Уильям вздрогнул и вскинул голову, встретившись взглядом с двумя ярко-голубыми глазами священника. Этот взгляд был холодным, но от него неожиданно веяло теплом и уютом. Мужчина опустился на скамью перед Уильямом, заглядывая ему в глаза, и тому неожиданно захотелось поскорее вернуться домой, напиться и сделать вид, что ничего этого не было. Чем он в основном и занимался между долгими и мучительными сменами в больнице.
– Вы всю службу витали в облаках, – мягко протянул мужской голос, и его слова эхом разнеслись под своды собора. – Что-то случилось?
Губы Уильяма дёрнулись в слабой улыбке, а пальцы с силой сжали Библию.
– Нет. Вы ничем не сможете мне помочь.
Ведь если Бога в этом мире нет, то чем ему сможет помочь простой священник? Поддерживающие слова Уильям предпочитал говорить самому себе, а то, что открылось ему недавно, не могло быть рассказано первому встречному, даже если на нем была черная ряса. Уильям был один в этом мире, кто знает правду, и ее груз нести придётся тоже одному.
Витражи насмешливо переливались солнечными зайчиками, окрашивая пол и стены собора разноцветными красками, а тяжелый крест, возносимый на Голгофу, словно насмехался над Уильямом. Шляпа тугим обручем обхватила голову Уилла, а перчатки раскалённым металлом обожгли кожу рук, впиваясь в них своими шипами. Запах горького миндаля окружил Уилла, и как бы быстро мужчина ни удалялся от священника, ему казалось, что он стоит на месте, а ноги наливаются свинцом.
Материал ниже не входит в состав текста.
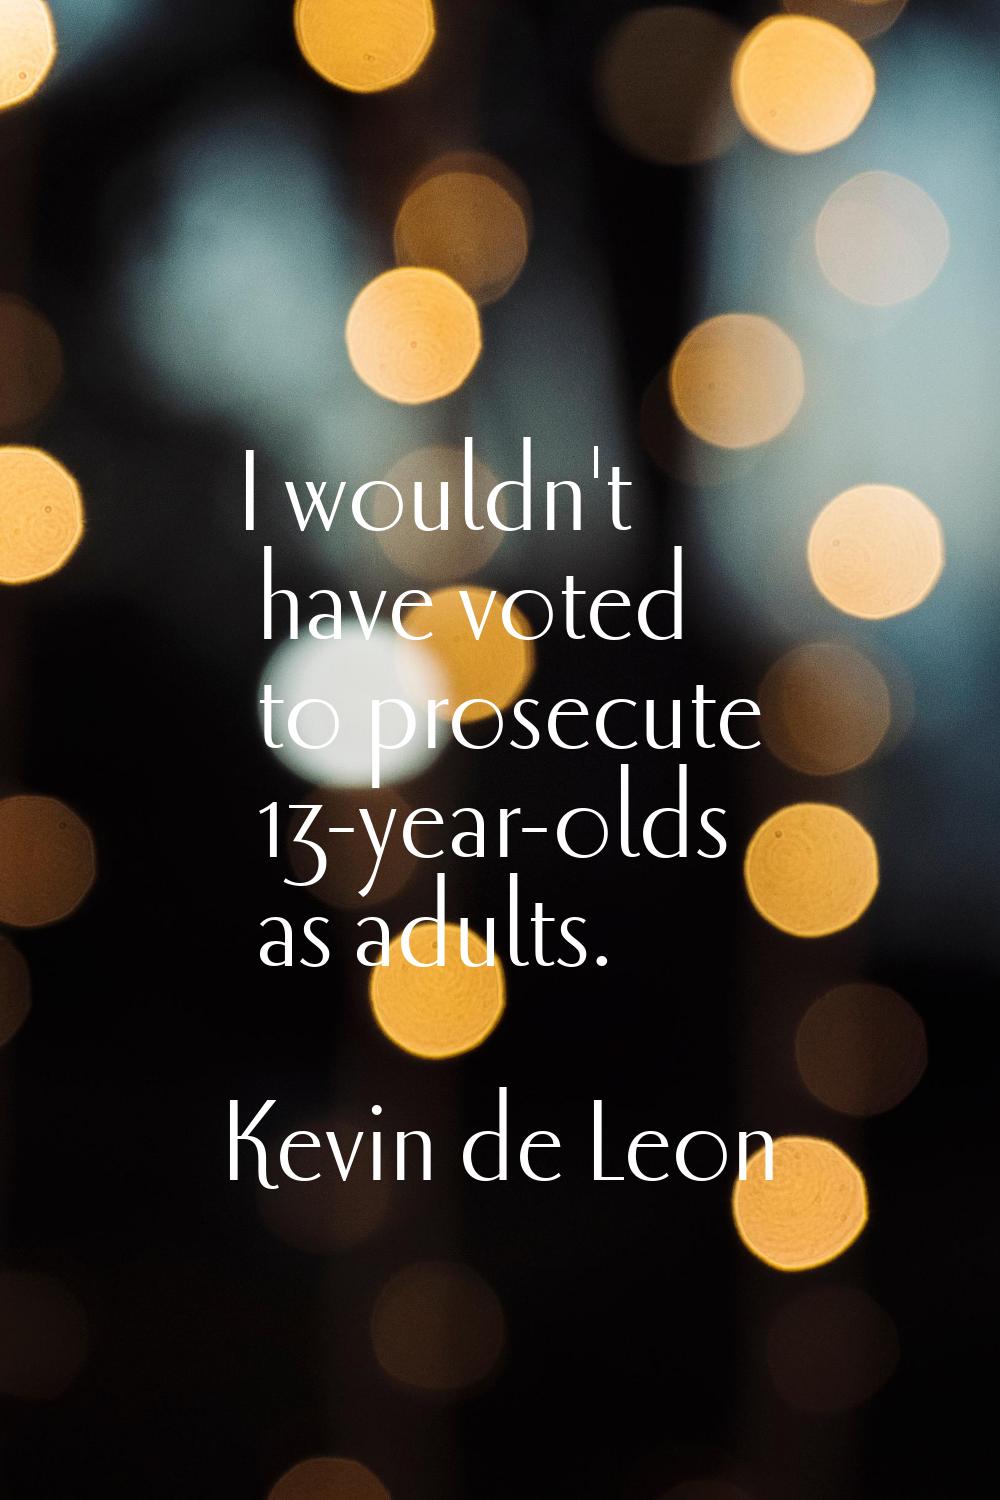 I wouldn't have voted to prosecute 13-year-olds as adults.

Он никогда не верил истово в Бога и не собирался уверовать сейчас. Он мог кричать о помощи, но вместо этого молчал, сминая пальцами исчирканные ручкой листы Библии. «Блажен, кто верует», – были ли сейчас это его слова или же они отпечатались в его памяти искусной рукой безумца? Уилл не знал и, ступая под пролившийся на Чикаго дождь, надеялся, что тяжёлые капли смоют все его сомнения и очистят истерзанную душу.
Ведь он не хотел ничьей помощи. И помочь ему никто не мог. Кроме Алана Маккензи.
Только если ему не было плевать так же, как восхваляемому в пасхальные недели Богу.
Глава XV. Опыт
Октябрь, 1933
Уильям не помнил, в какой момент его воспитание дало сбой и он начал фамильярничать с Аланом Маккензи. Наверно, в тот самый, когда покинул порог церкви в предпасхальное воскресенье. А может, когда Алан колотил в дверь его кабинета и кричал, что умрёт, если ему сейчас же не окажут помощь. Умереть, как Уильям уже выяснил, Алан не мог, а потому врач не спешил открывать дверь, наслаждаясь редкими мгновениями превосходства над Аланом. Разумеется, потом он пожалеет о своём решении, но минутная слабость к риску взяла над Уильямом верх.